A Snowy Owl on a dune at Ocracoke’s South Point Jan. 14, 2021. Photo by Peter Vankevich

To read more about the birds of Ocracoke Island, click here.

Text and Photos by Peter Vankevich

This winter, Ocracoke did not get the Arctic blast and heavy snow that affected much of the country.

The relatively mild winter was a contrast from 2014 when two major snowstorms struck the island shutting down the school for several days and blanketing the island in a white shade of winter.

Adding to the excitement of an old-fashioned winter were two Snowy Owls observed almost every day from Dec. 26, 2013, to March 8, 2014. The island became a mecca for birders who flocked to the island to see them, bringing an economic boost during a slow time of the year.

Subsequently, the memories of the Snowy Owls reached near folklore level with lots of conversations beginning with, “Do you think the Snowy Owls will return this winter?”

After several years of absence, one finally appeared. Drama and anticipation began when a Snowy Owl was sighted on Dec. 29 in the Pea Island National Wildlife Refuge, then near the Marc Basnight Bridge at Oregon Inlet.

On Jan. 7, a Snowy Owl was photographed perched on a house in Hatteras village putting Ocracoke on alert to the possibility that it would continue moving south.

Then, on Jan. 13, Walker Garrish and Elizabeth Aiken spotted the owl.

“We walk our two dogs daily at the same location at the South Point, and Walker noticed something unusual in the dunes he sees every day,” Aiken said. “It turned out to be a Snowy Owl.”

The owl was observed for a week, last seen on Jan. 19. During that time, it alternated between perching on a dune and spending time on the South Point’s extensive salt flat.

A Snowy Owl on Ocracoke Island’s South Point salt flat. Jan. 14, 2021. Photo by Peter Vankevich

The Cape Lookout National Seashore reported that on Feb. 7 one of its biologists spotted a Snowy Owl on South Core Banks. The photo of that one looks like the owl seen on Ocracoke and farther up the Banks.

Owing to bad weather and the isolated location of the owl, it has not been seen in the Cape Lookout area since Feb. 11.

Circumpolar, Snowies nest in the Arctic tundra of the northernmost stretches of Alaska, Northern Canada and Euro Siberia. The normal wintering range is difficult to know, but it is believed some stay in the darkened Arctic. One can only imagine the challenges of covering hundreds of miles of the dark winter Arctic in search of these owls.

They are well-suited to withstand the cold. Their entire bodies including toes are covered with soft, fluffy feathers, and their feet have extra thick pads. They also have superb night vision to locate prey.

What is known is that others migrate south and winter throughout Canada and the northern areas of the United States.

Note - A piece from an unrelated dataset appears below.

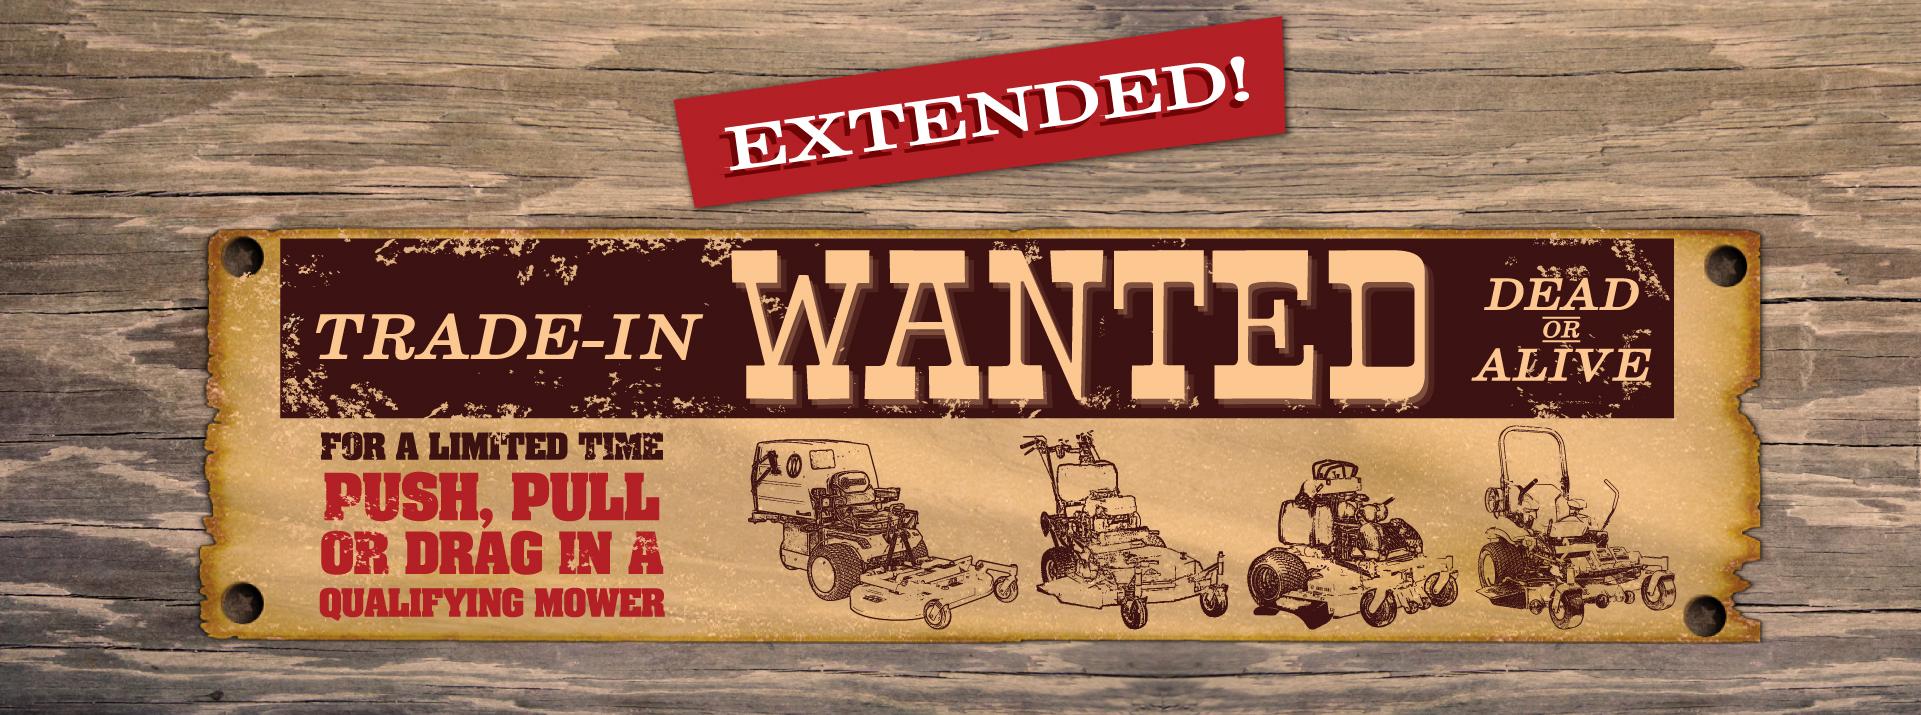 PWI160908-Bounty-Program-Web-Banner-Ad-01-01
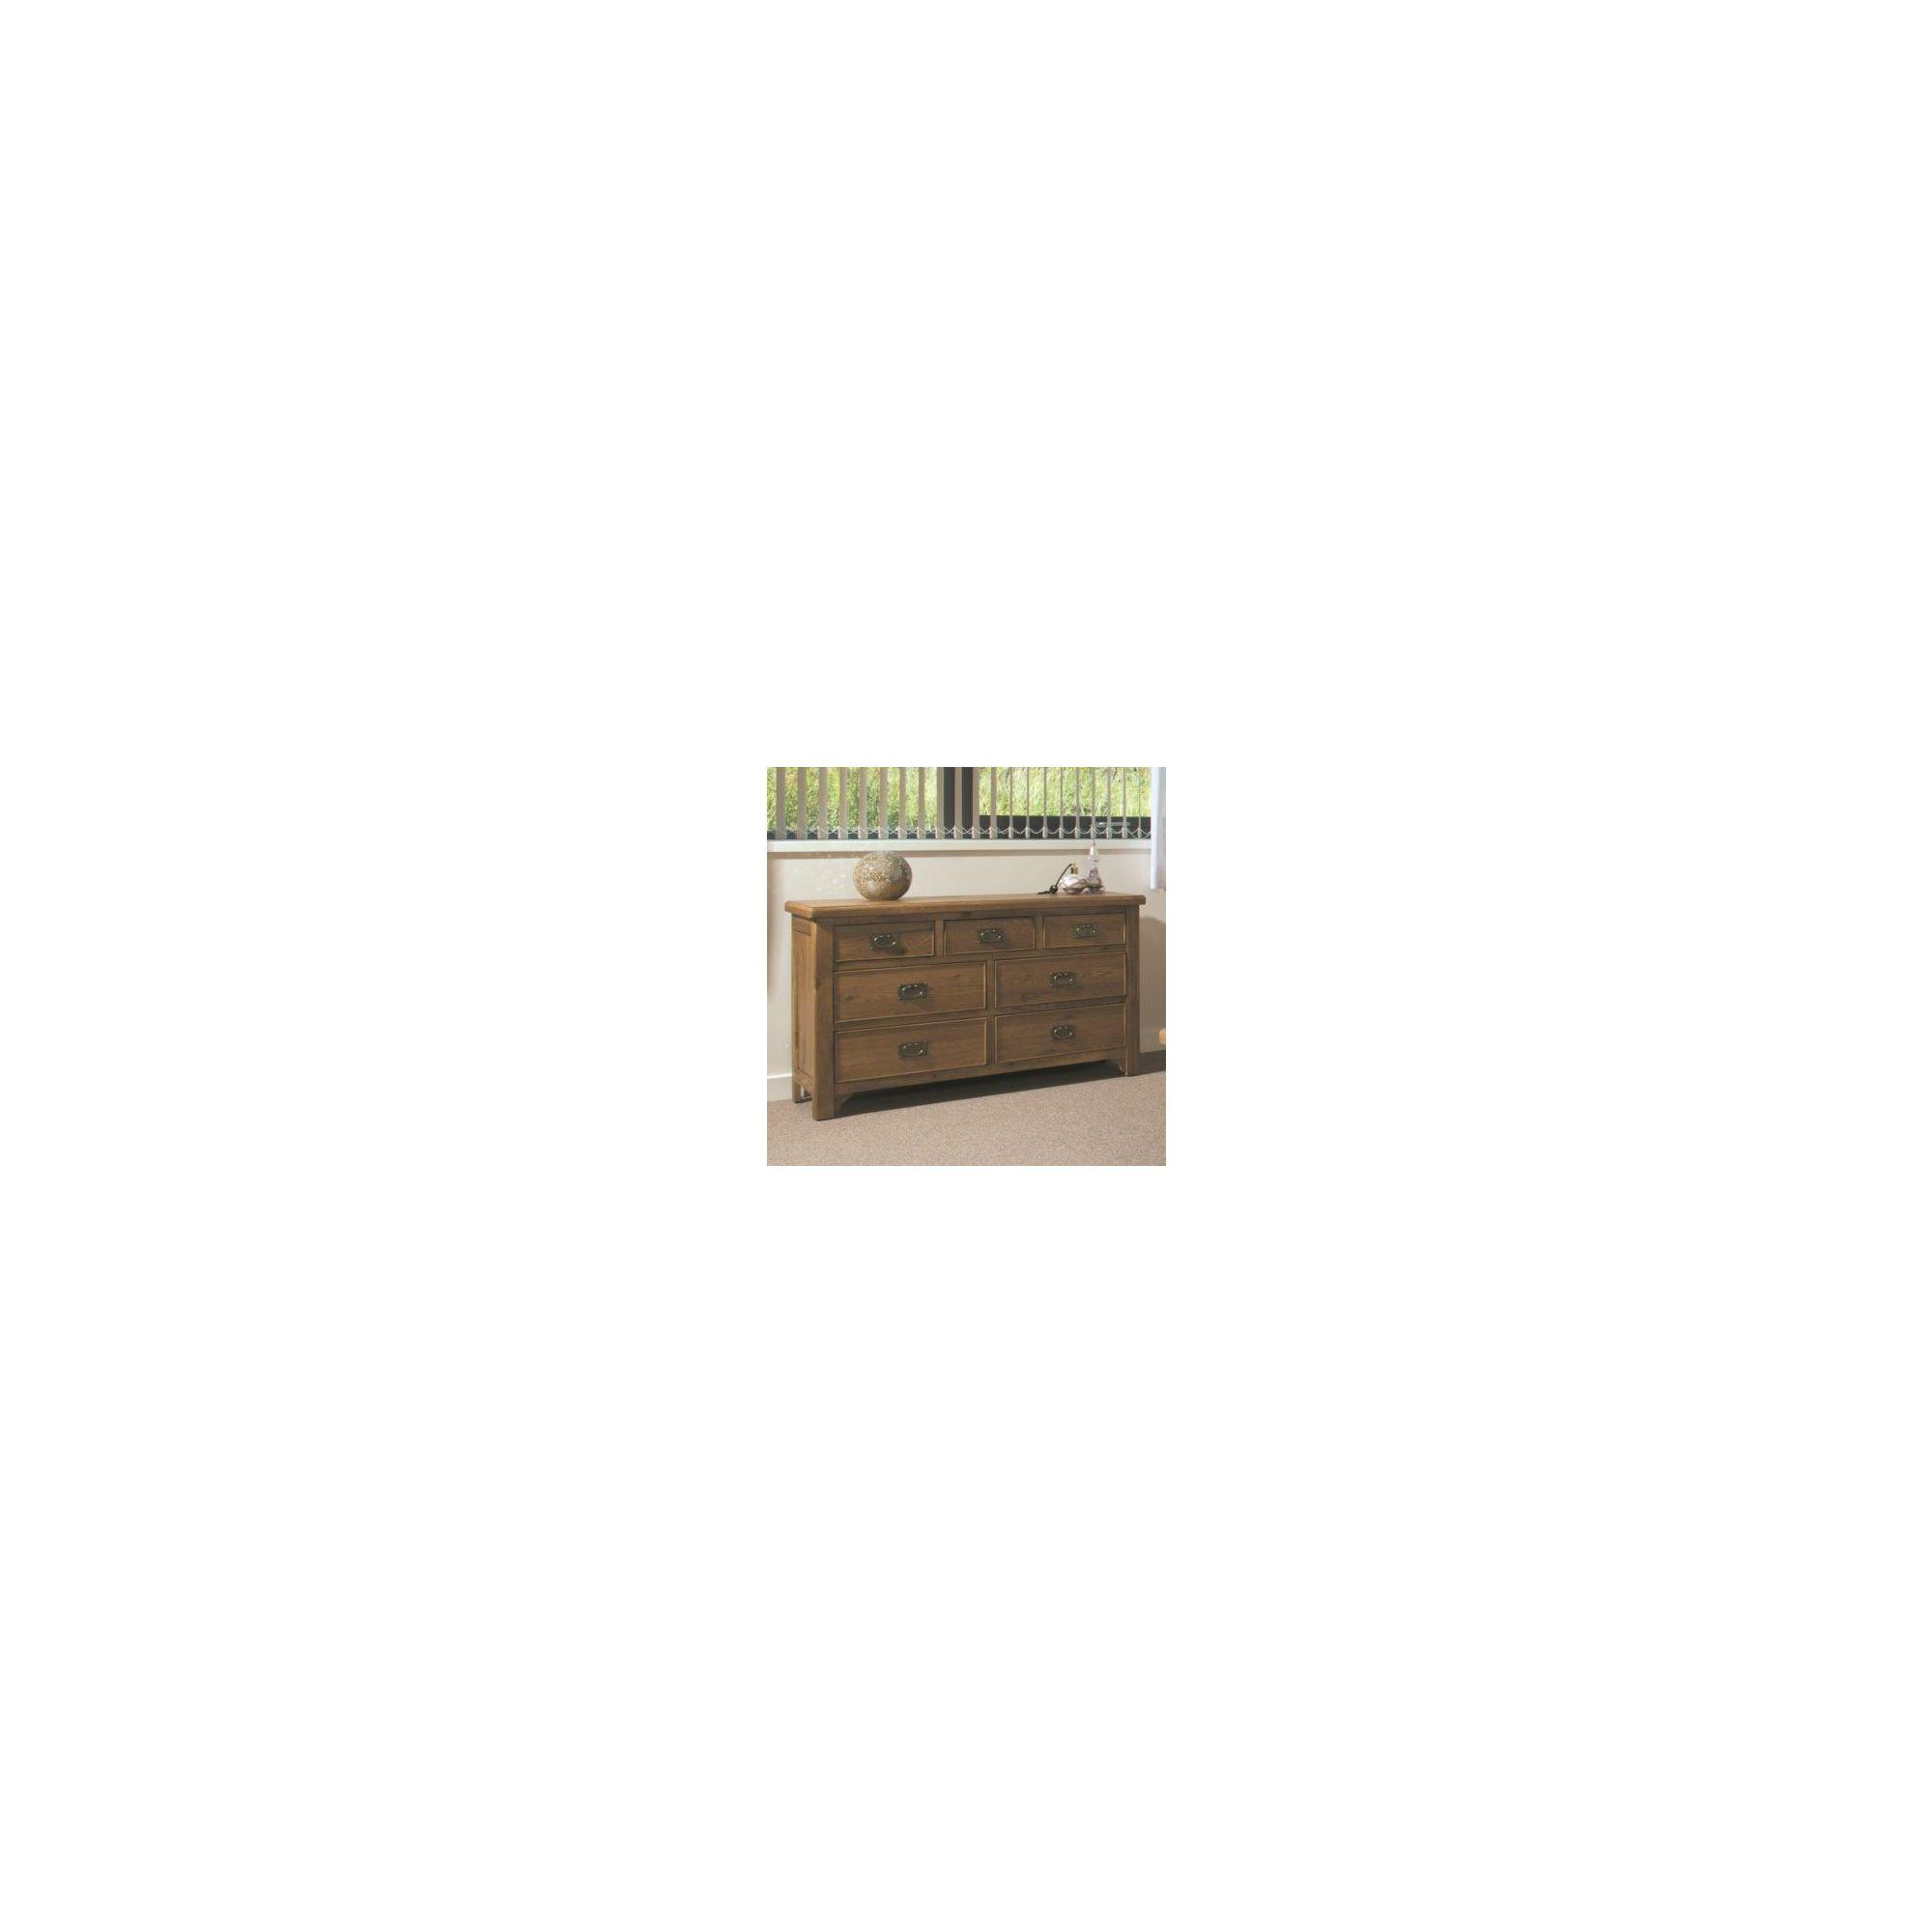 Kelburn Furniture Marino Rustic Oak 3 over 4 Drawer Chest at Tesco Direct

Every year some migrate farther south than their normal wintering range. When that occurs in large numbers, it is called an irruption.

That winter of 2013-14 was one of the largest Snowy irruptions in a century with sightings as far south as Florida and even in Bermuda.

The cause of irruptions is complex and not fully understood. Some species may migrate farther south when their food crop is scarce.

Snowy Owl on Ocracoke Island, Jan. 14, 2021. Photo by Peter Vankevich

This year, several not normally seen northern bird species were seen in North Carolina, especially Pine Siskins. Evening Grosbeaks, Purple Finches, Red Crossbills and Red-breasted Nuthatches have appeared at bird feeders and in parks.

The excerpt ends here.